### Work to complete
Output the line that contains "Aiya Matcha Zen" together with each line after it, through the final line of the listing below, word for word; omit pictures.

### Information provided
· · · · ·

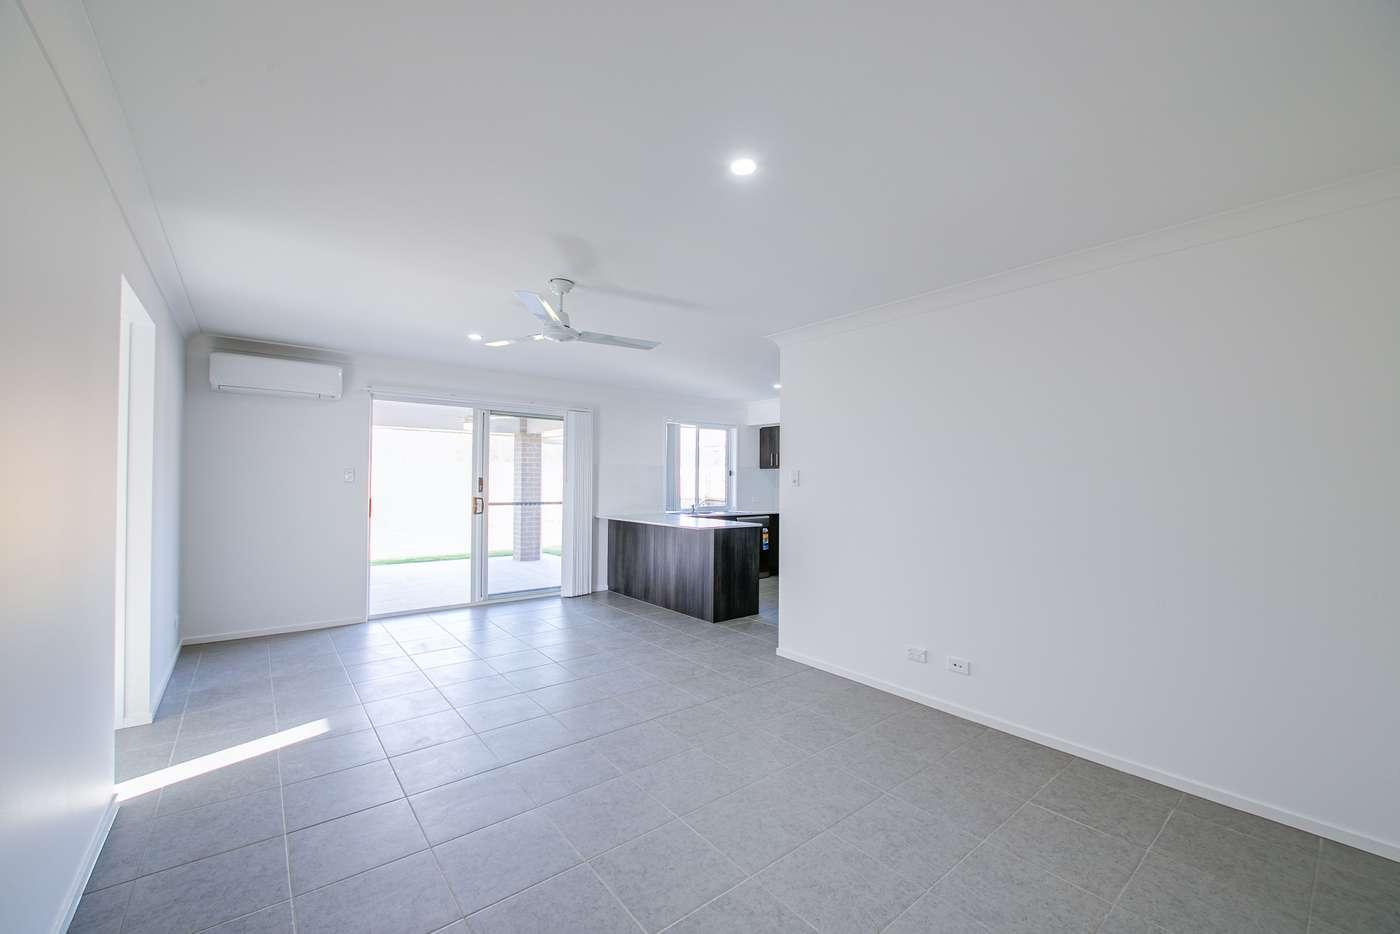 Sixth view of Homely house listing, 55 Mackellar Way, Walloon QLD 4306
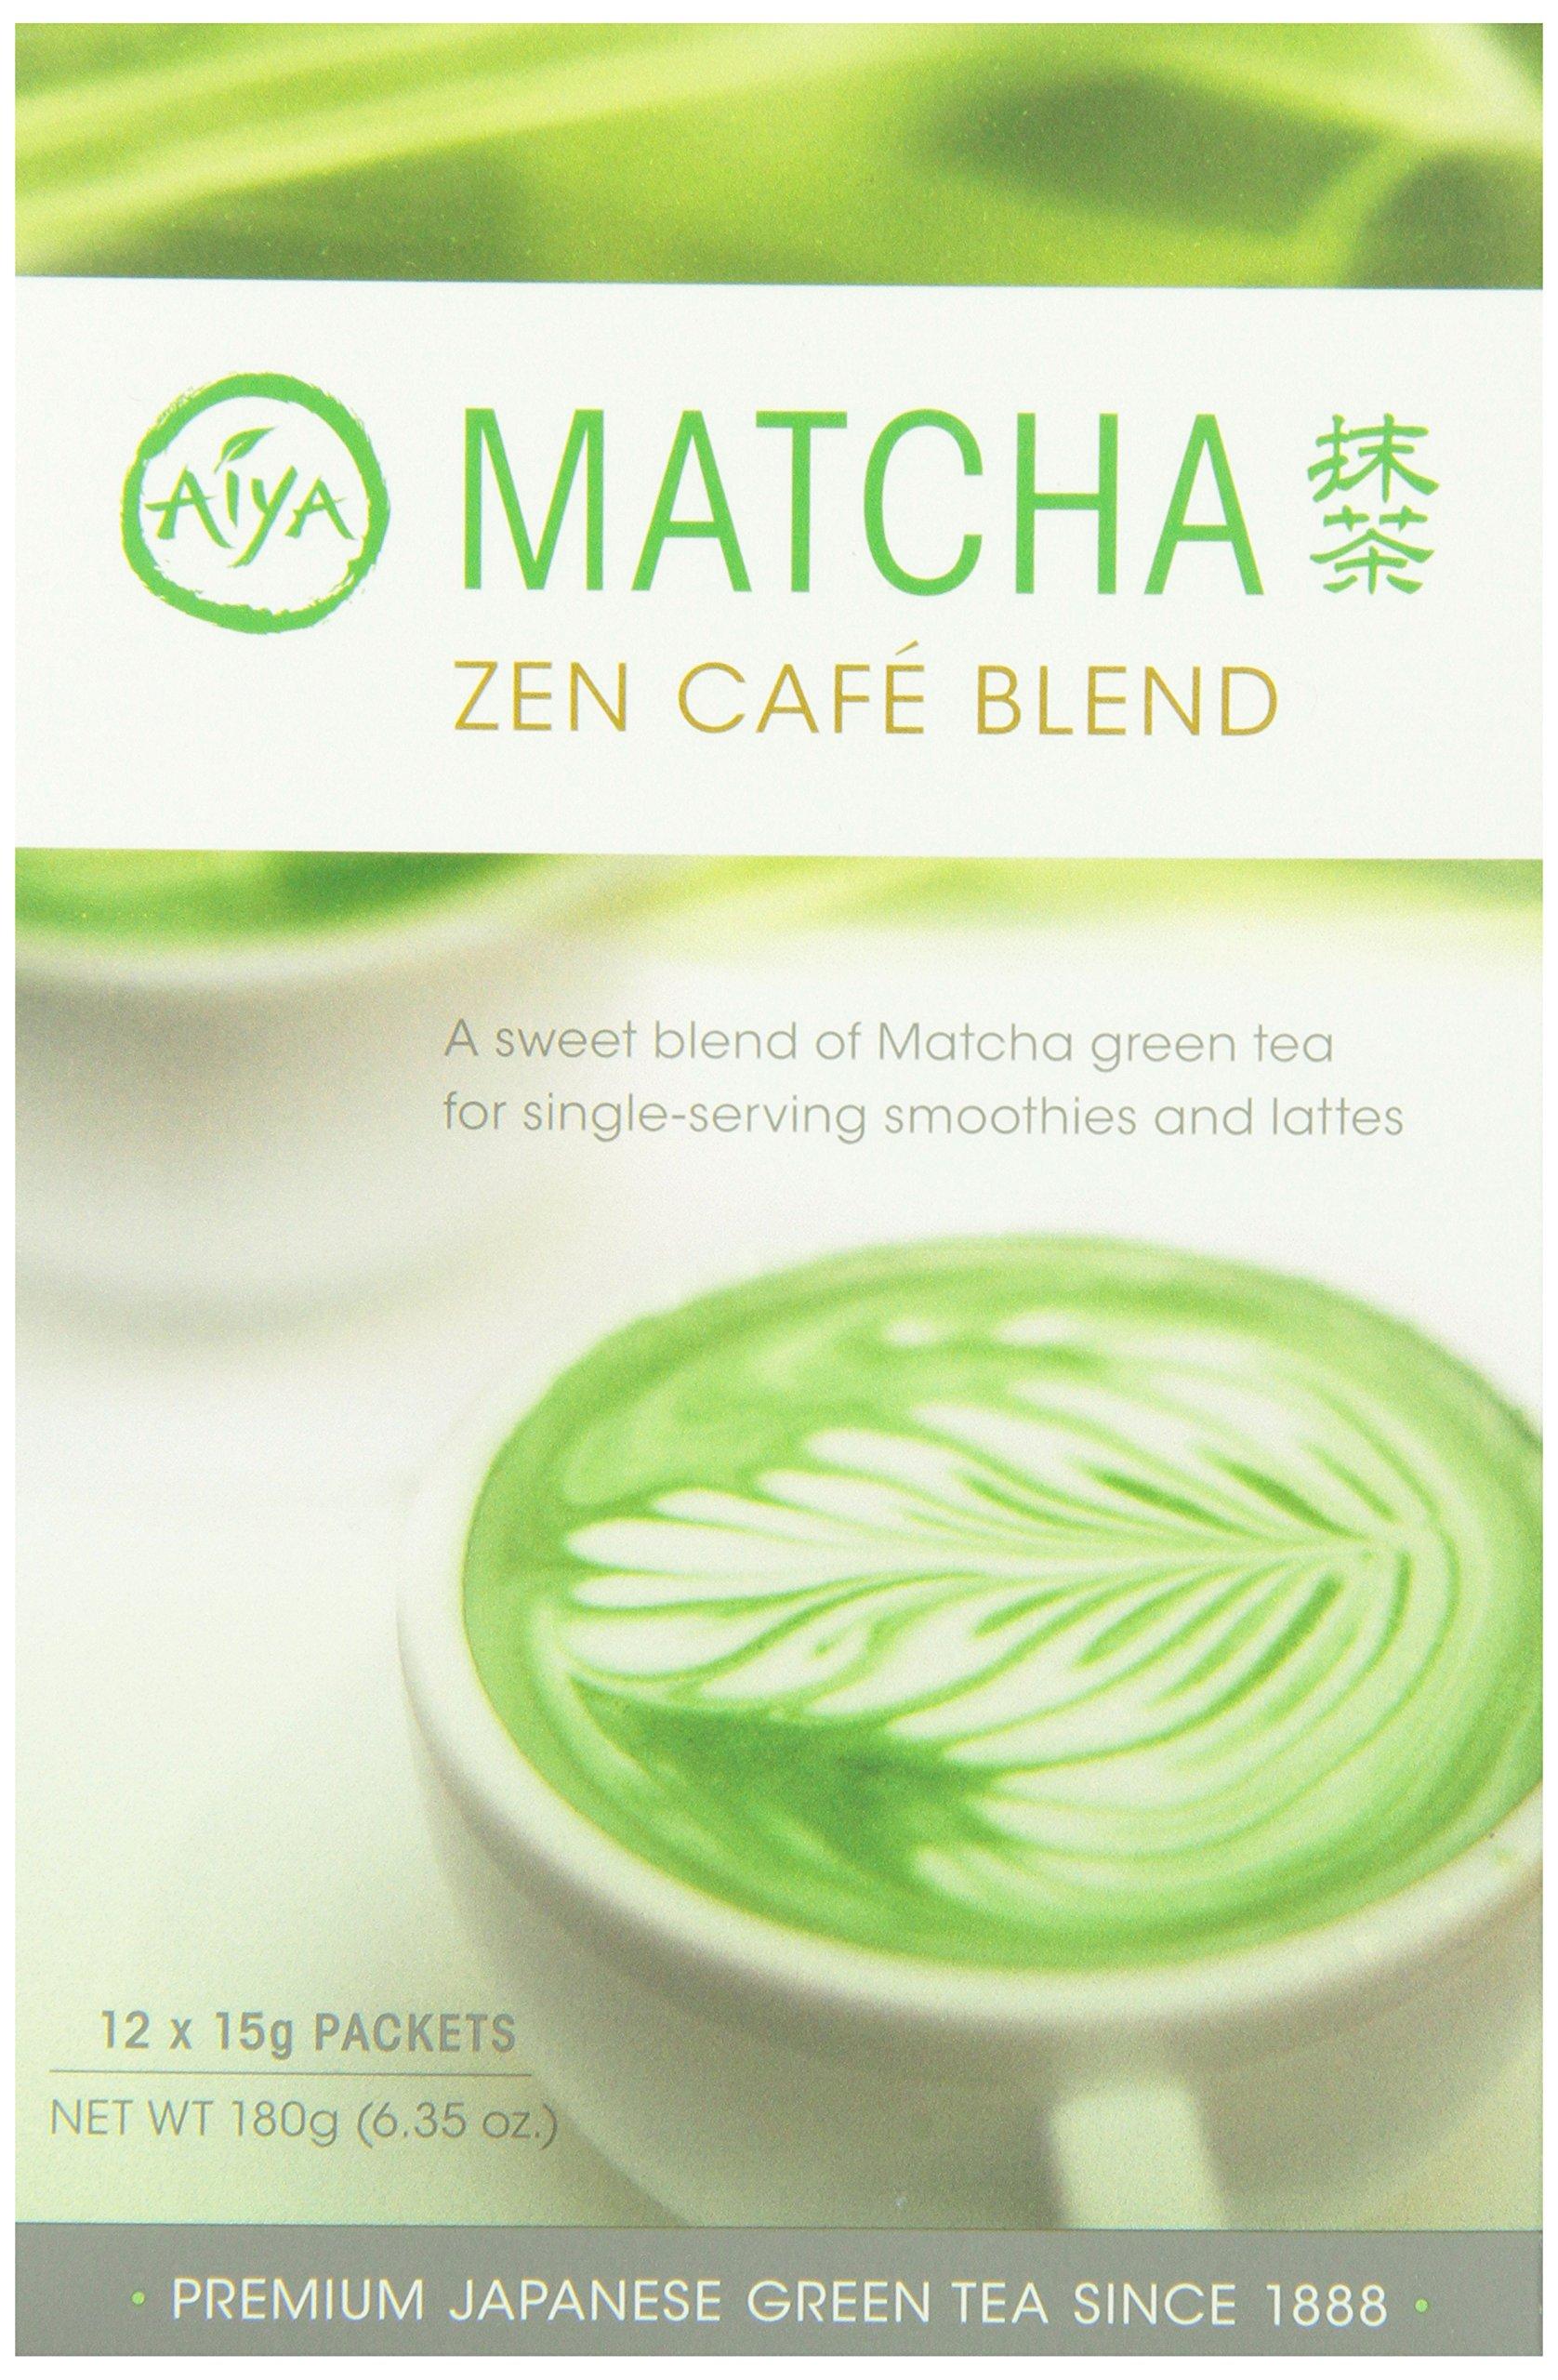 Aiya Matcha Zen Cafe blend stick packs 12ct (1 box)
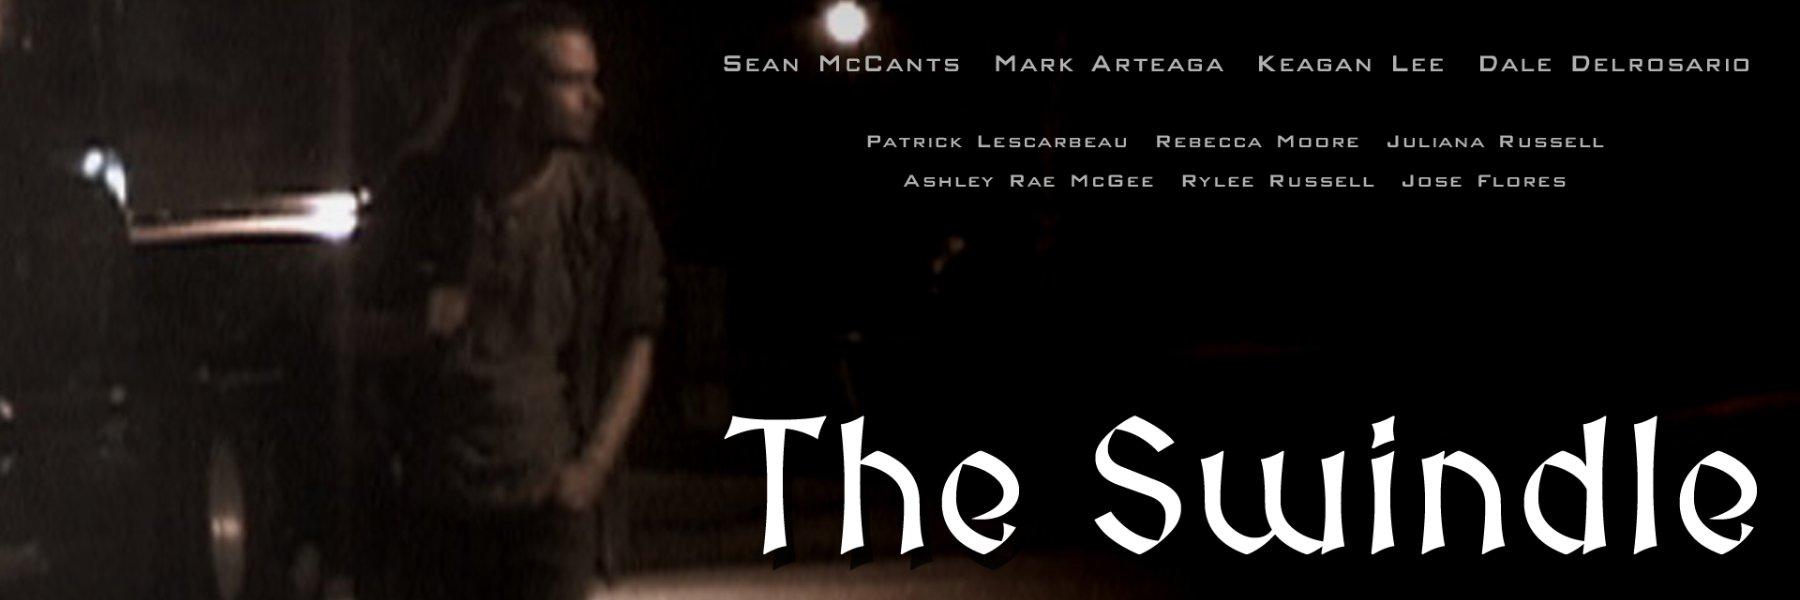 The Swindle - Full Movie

· · · · ·

### The answer
 Aiya Matcha Zen Cafe blend stick packs 12ct (1 box)
 The Swindle - Full Movie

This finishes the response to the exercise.